Older men? How old? Older as in…. My stomach fluttered, and I refused to let my thoughts go where his words threatened to take me. I needed to change the subject. Fast.
“You were good in there,” I told him. After all, it was true.
He looked at me, those dark eyes all but lost in the shadows of the porch. “Thanks.”
“You’re welcome.”
We stood there for a minute, neither of us saying anything.
The conversation we had earlier—the very ugly one—began to play in my mind again. The guilt came back. I looked away.
I need to get to my cabin. I need to get out of here.
Now.
Cabin. Sleep. But, hell, I was going to be up for hours. I could feel the caffeine zinging through me like
electricity. Maybe the hot tub? But that reminded me of Cole’s little pass.
Shit.
Cole looked away again, started to take a drink from his flask, then stopped. “Want some?”
“What is it?” I asked.
“Does it matter?” he replied and laughed.
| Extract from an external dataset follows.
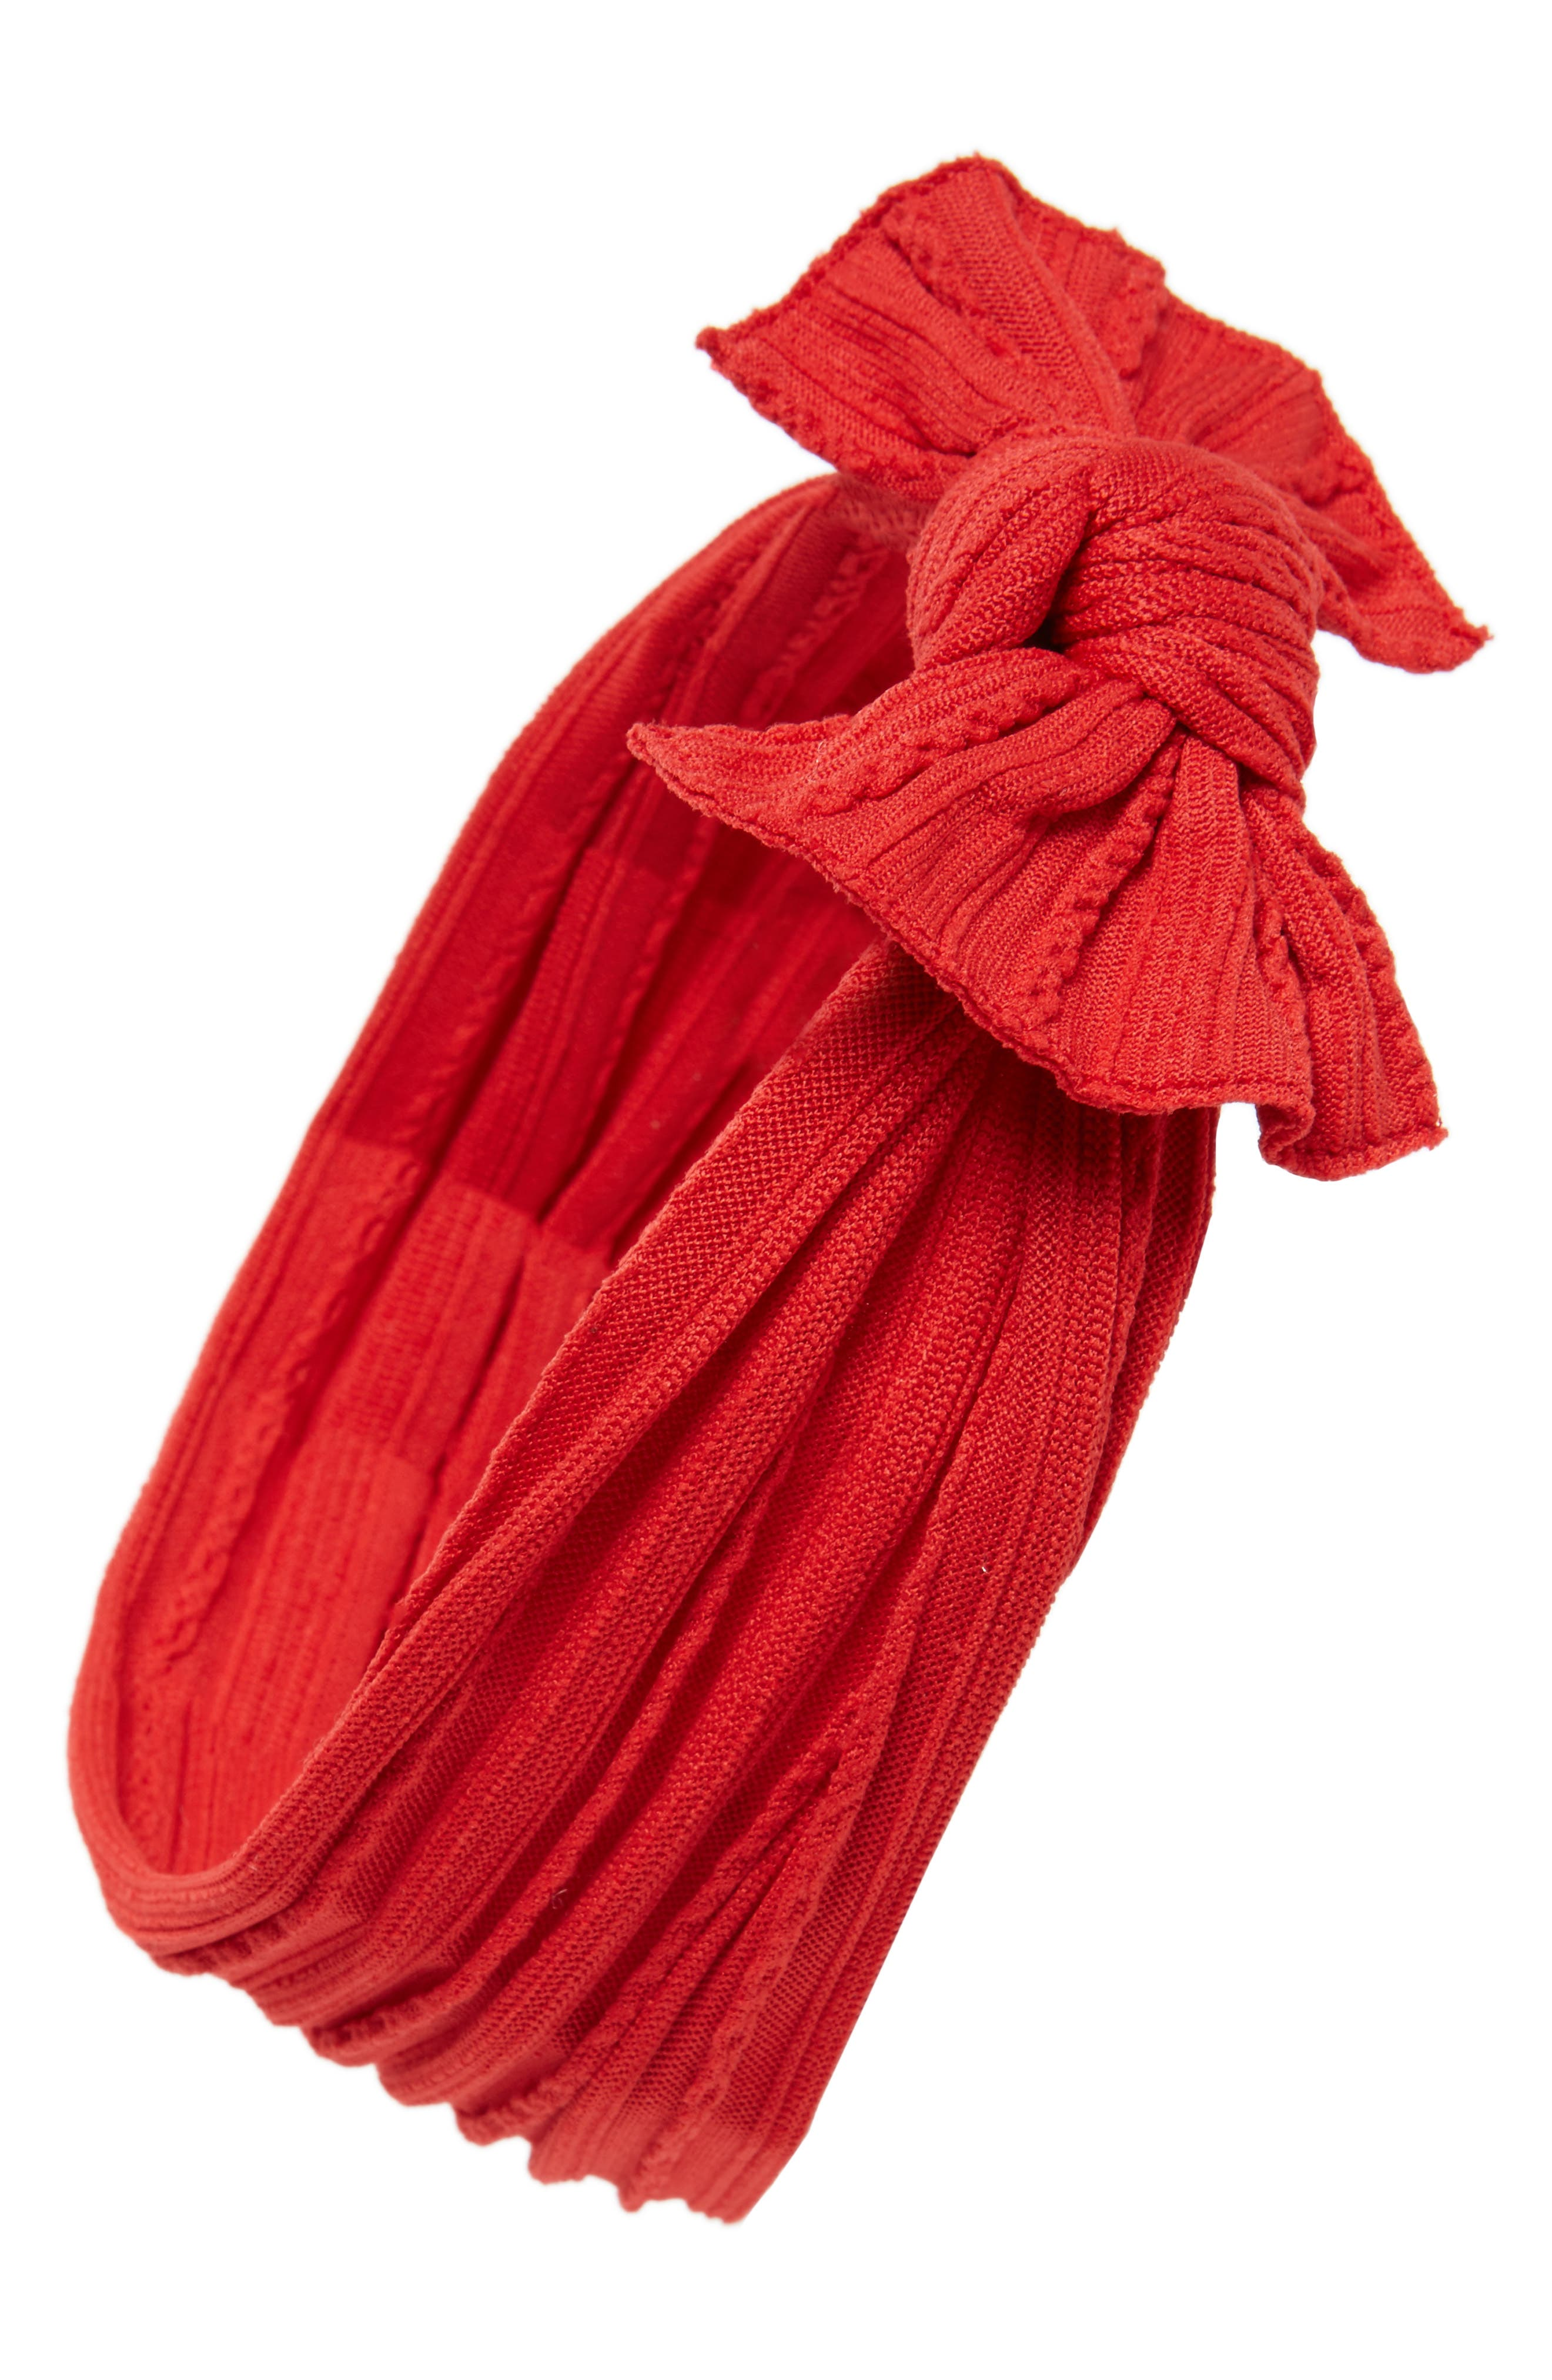 Cable Knot Headband,                             Main thumbnail 1, color,                             620

I shrugged. “I guess not.” Hell, I thought, it might help me sleep. I reached for the flask, and when he handed it to me, our fingers touched for a second.
I almost jumped.
It was like one of those static zings that happens when you rub your stockinged feet on a carpet and then touch something metal. But that wasn’t what happened. There hadn’t been a static discharge. It had all been in my imagination. In my head.
But then when he looked at me the way he did, shadows or not, I wondered if that was true.
I paused for a moment before drinking, the fear of AIDS suddenly rising to the surface like noxious swamp gas. And then something I did know about the virus rose upward as well. Even if Cole did have AIDS, I couldn’t get it by drinking out of the flask.
I looked at Cole.
Beautiful Cole.
Beautiful?
I trembled. Geez. Yes. He was beautiful.
“I do not have AIDS, Mr. Baxter,” he had told me. “I haven’t been with a man in two years. And I’ve been tested. Regularly. Trust me.”
I wanted to trust him.
With an uncomfortable abruptness, I remembered the hateful words of the guys from the dock I worked during the summers between my high school years.
“Never pass a bottle with a queer. You might as well kiss the buttfucker. Think where his goddamned lips have been! Sucking cock for one thing. Eating some shit-covered ass! Fucking death-germs, man! It’s no wonder they all got AIDS.”
“I do not have AIDS, Mr. Baxter. I haven’t been with a man in two years.”
Dammit!
Was I being like those hateful, ugly people?